Supplied data:
————————

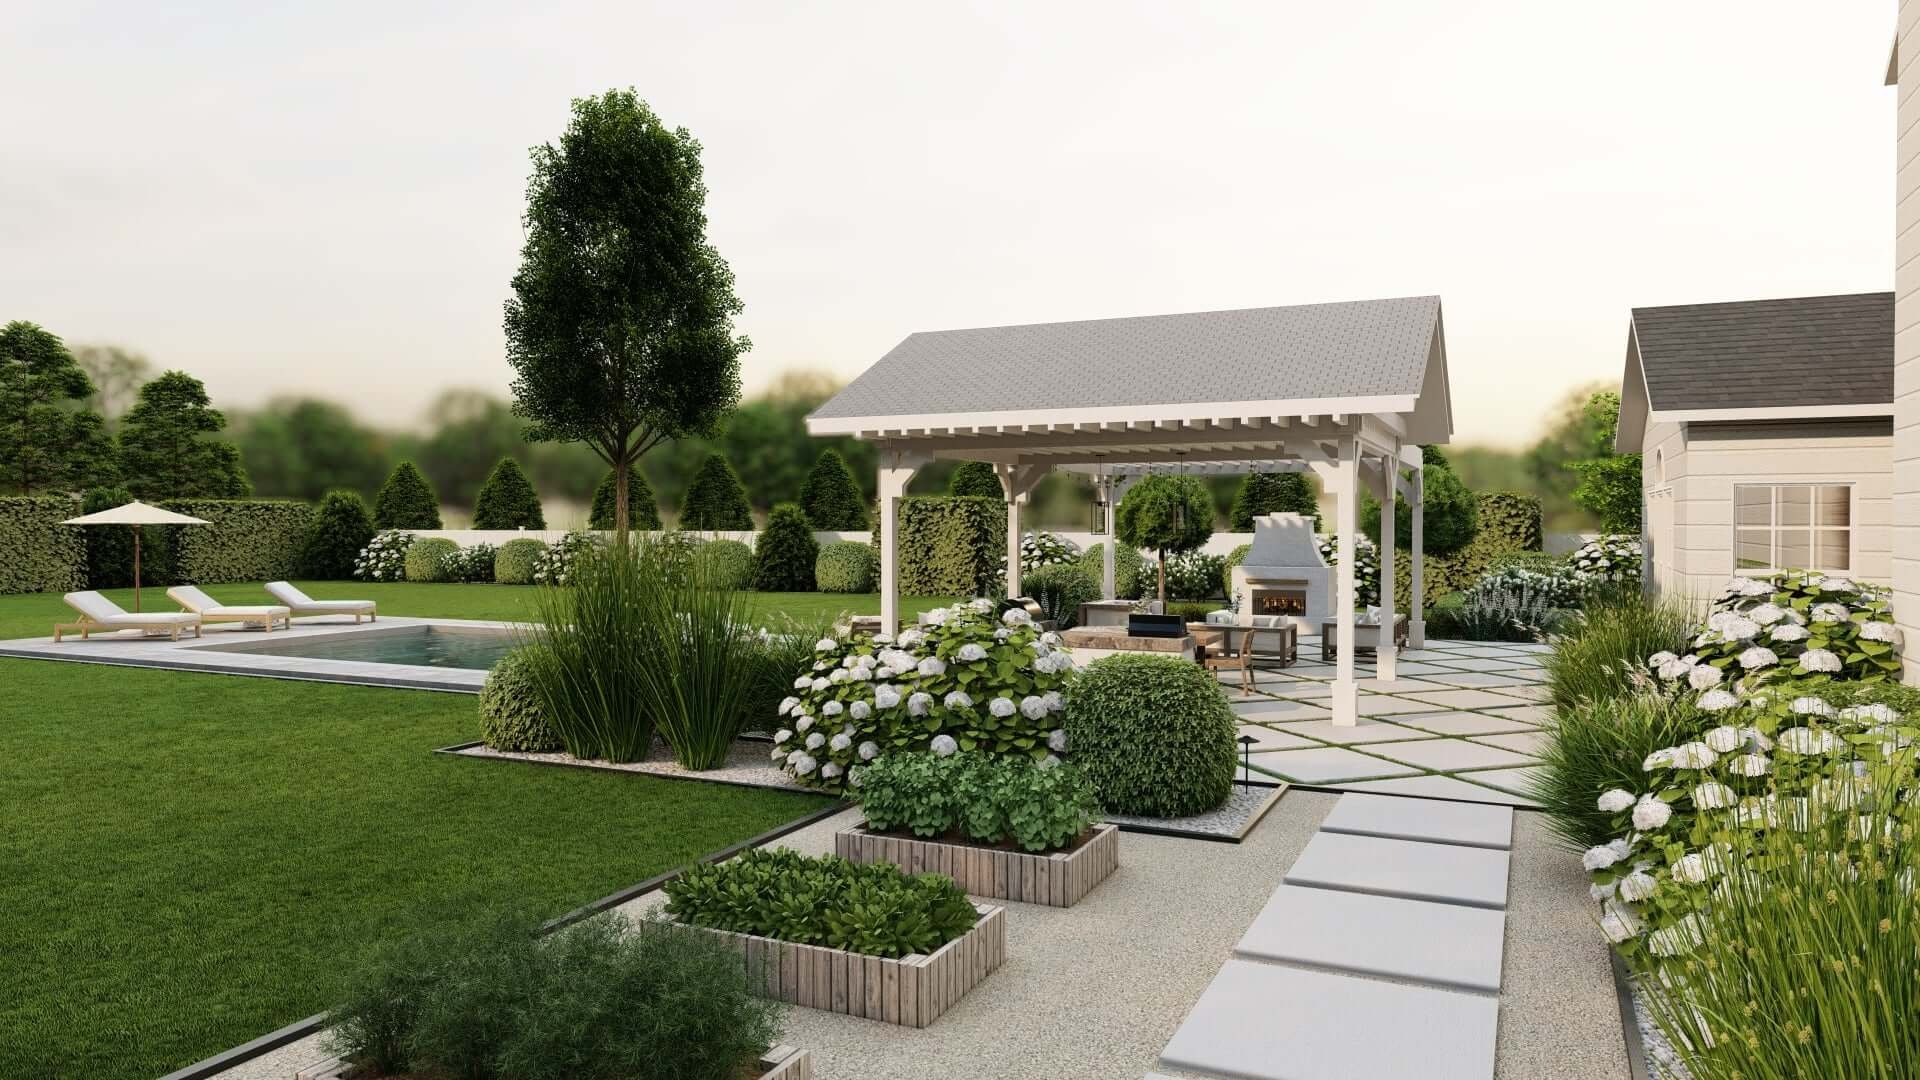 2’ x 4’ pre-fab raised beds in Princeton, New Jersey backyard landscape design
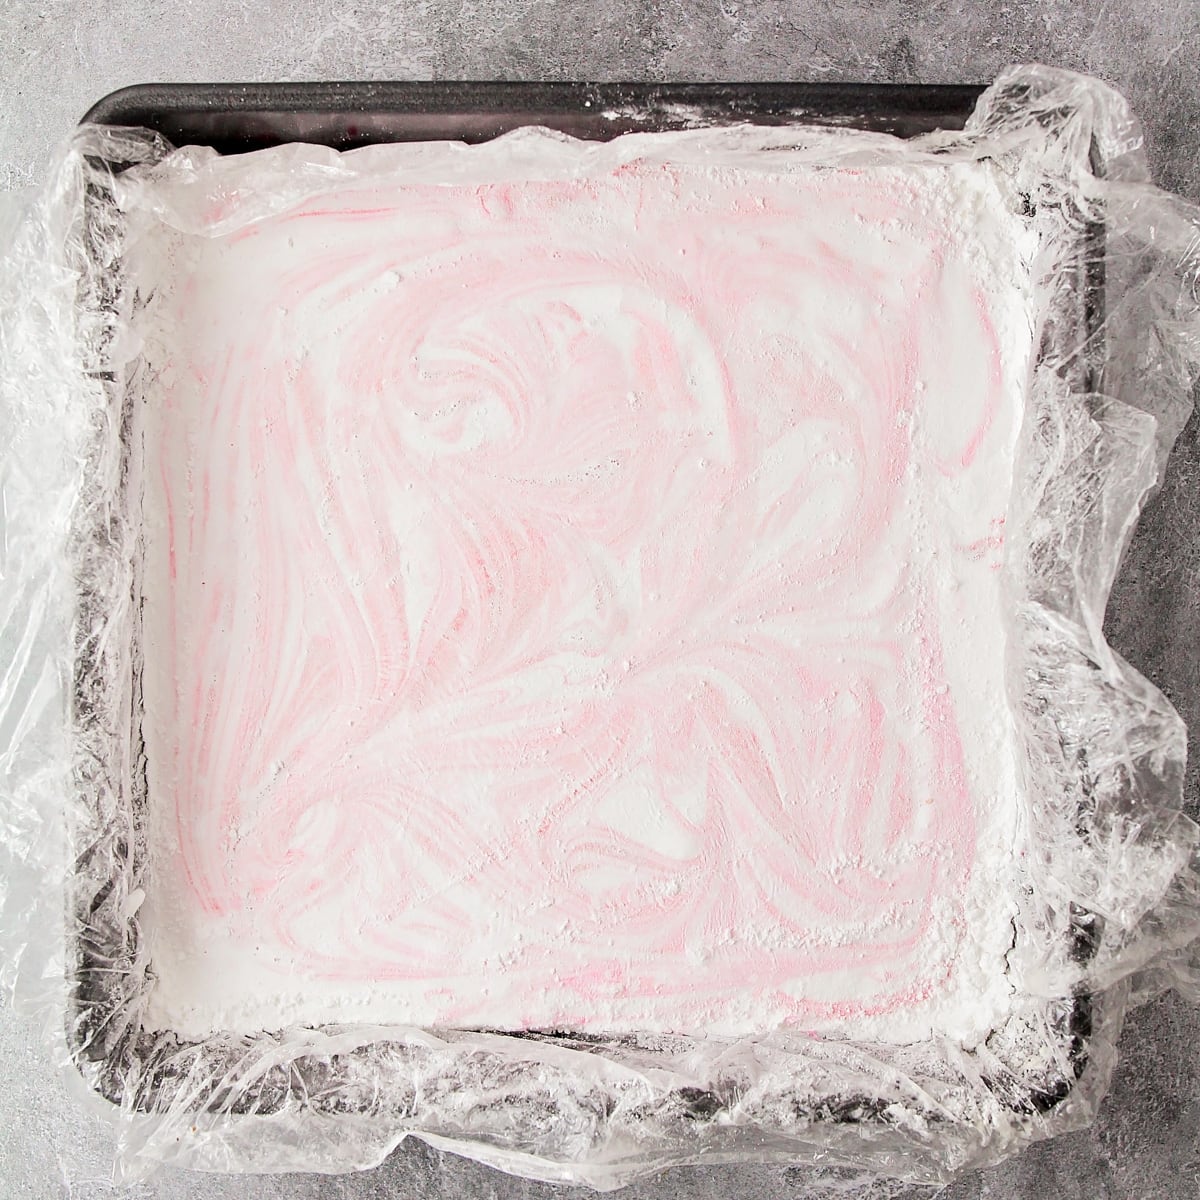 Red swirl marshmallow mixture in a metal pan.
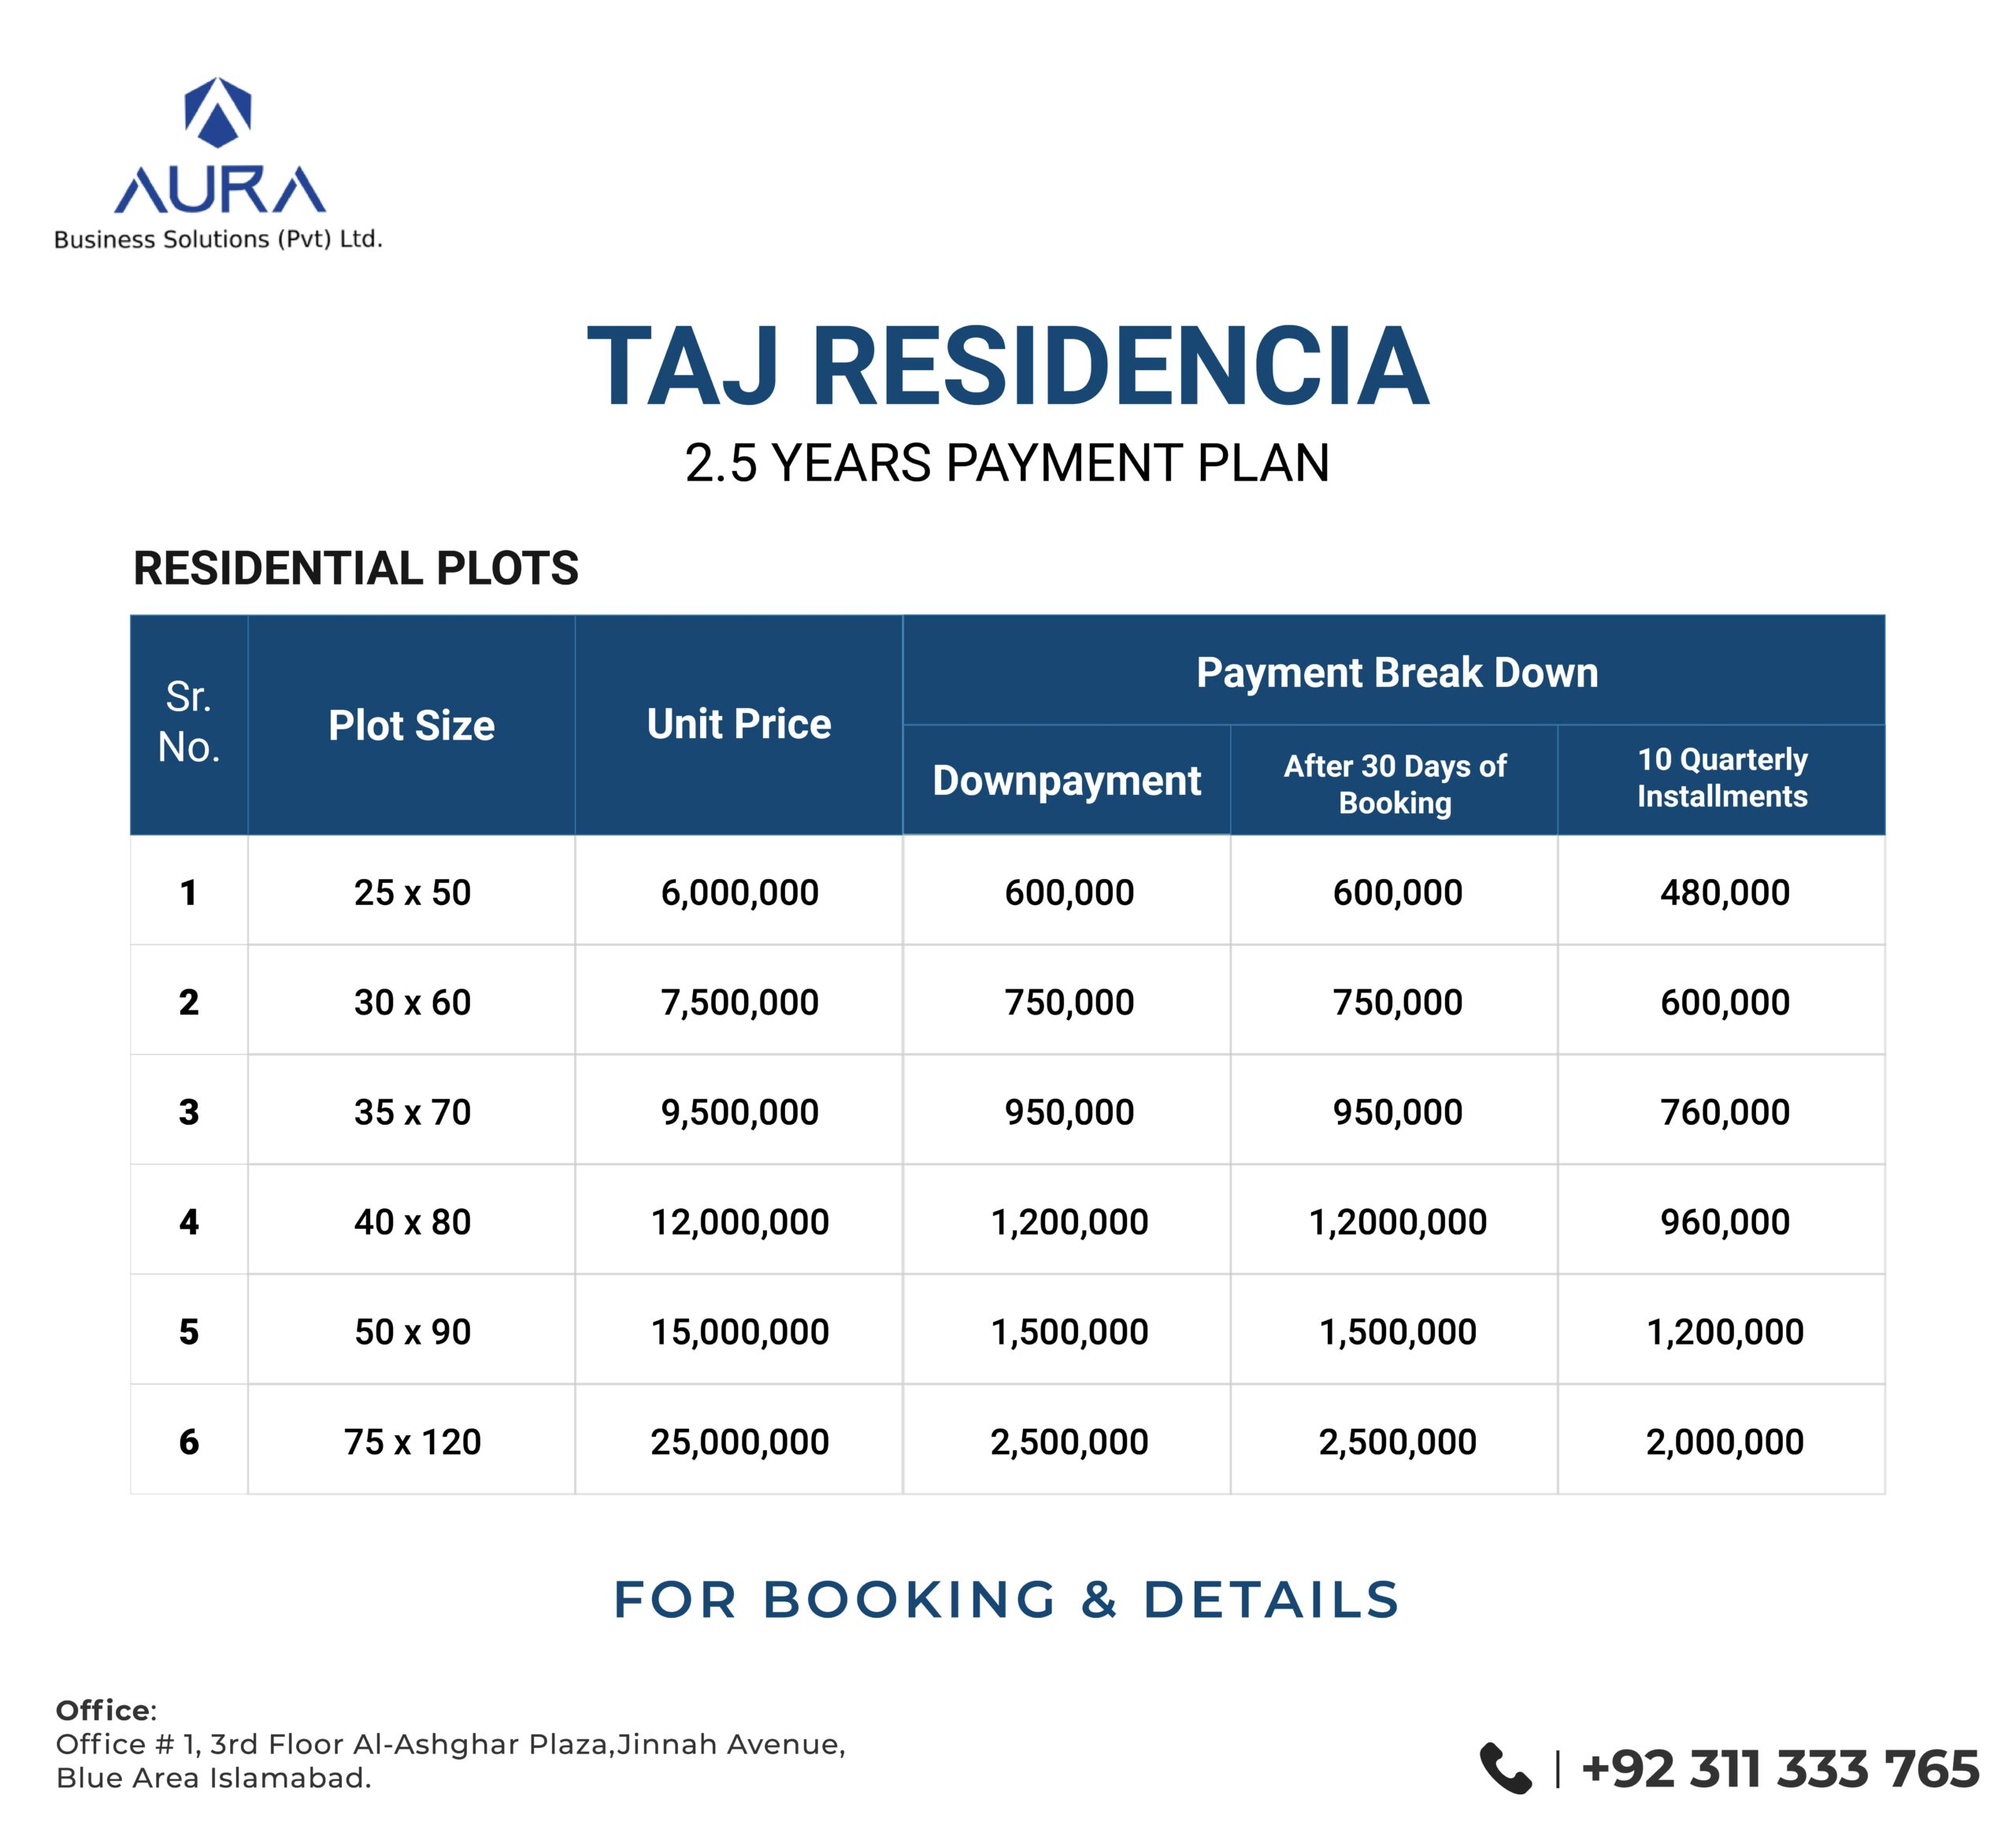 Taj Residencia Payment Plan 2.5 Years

————————

What to produce: Could each line of the data be written out exactly, with no pictures included?

Solution to the problem:
 2’ x 4’ pre-fab raised beds in Princeton, New Jersey backyard landscape design
 Red swirl marshmallow mixture in a metal pan.
 Taj Residencia Payment Plan 2.5 Years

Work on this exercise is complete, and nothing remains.